In such a model, AI could assist in drafting structured and accessible responses, helping to manage large volumes of inquiries. Health professionals would review, refine, and contextualize these responses, ensuring compliance with clinical guidelines and ethical standards.
This approach could expand access to mental health support while maintaining safety and quality. Youth facing stigma, fear of judgment, or barriers to professional care may benefit from AI-supported services that feel approachable and immediate. At the same time, professional involvement would guard against misinformation, inappropriate framing, or overreliance on automated advice.
Millions of users worldwide are already turning to AI systems for emotional support. As reliance grows, questions of trust, authority, and accountability become increasingly urgent. AI-generated empathy may feel genuine to users, but it is ultimately simulated. Ensuring that young people understand both the strengths and limits of such systems is essential.
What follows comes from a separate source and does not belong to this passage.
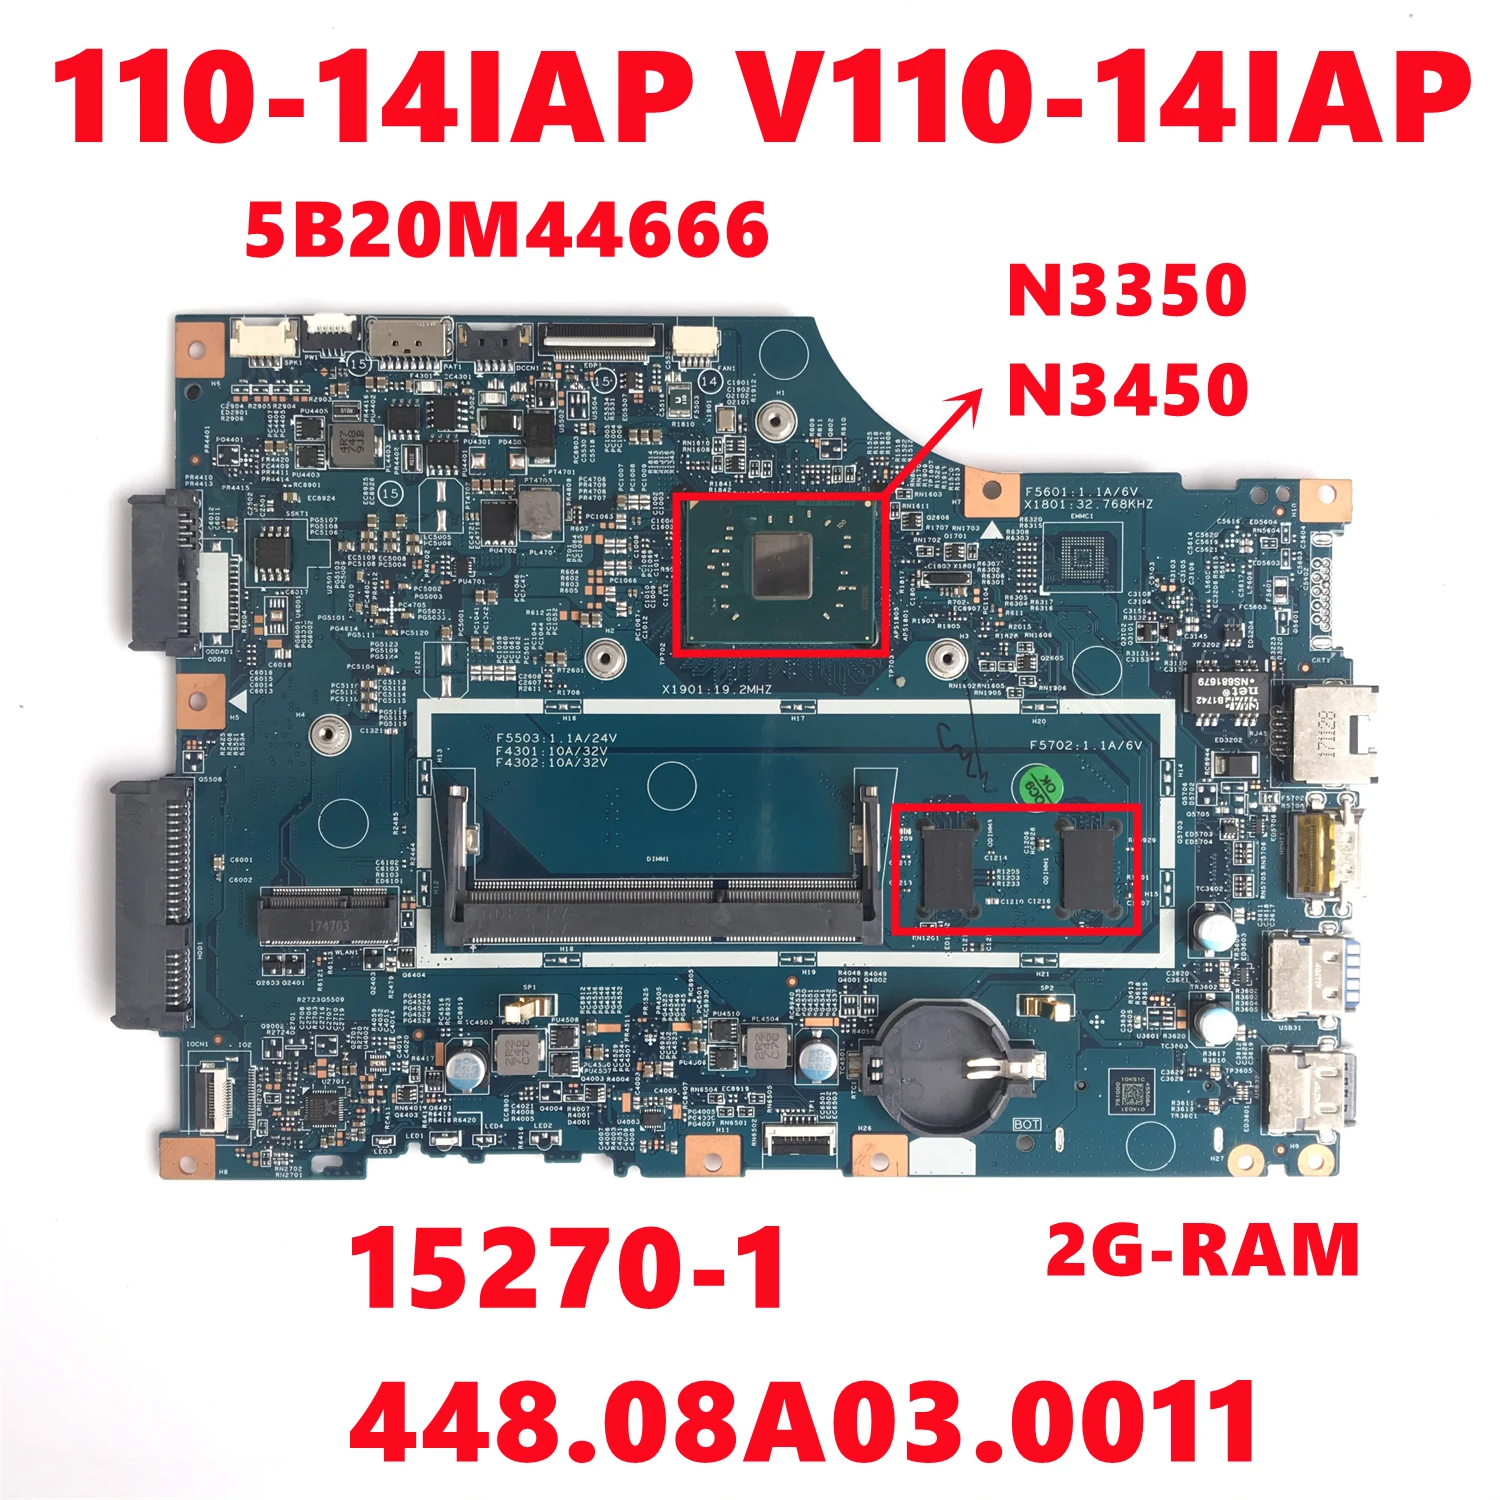 Фото 5B20M44666 для Lenovo V110 110-14IAP V110-14IAP Материнская плата ноутбука LV114A 15270-1 448.08A03.0011 с N3350 N3450 2G
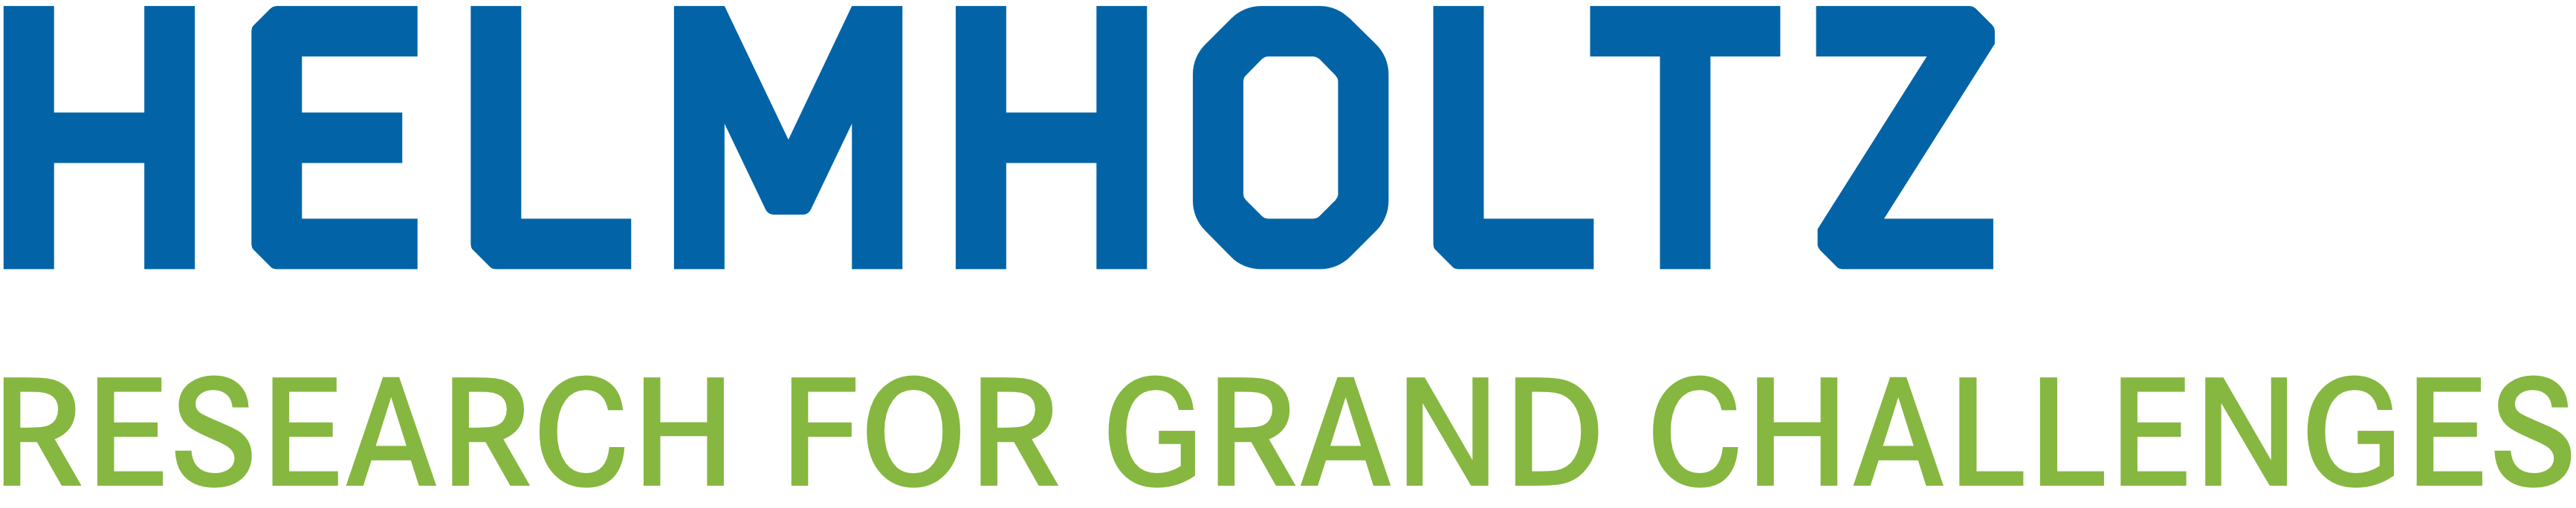 Helmholtz Association (logo)

Limitations and future research
The authors acknowledge several limitations. The study excluded highly sensitive topics such as suicidal thoughts and sexual abuse for ethical reasons. As a result, it remains unclear whether preferences would shift in more acute or crisis situations. Previous research suggests that users may prefer human guidance for highly sensitive matters.
The study was conducted in Norwegian and focused solely on ChatGPT using GPT 4. Results may vary with other models, languages, or cultural contexts. The professional sample size was limited to available participants within the advisory platform.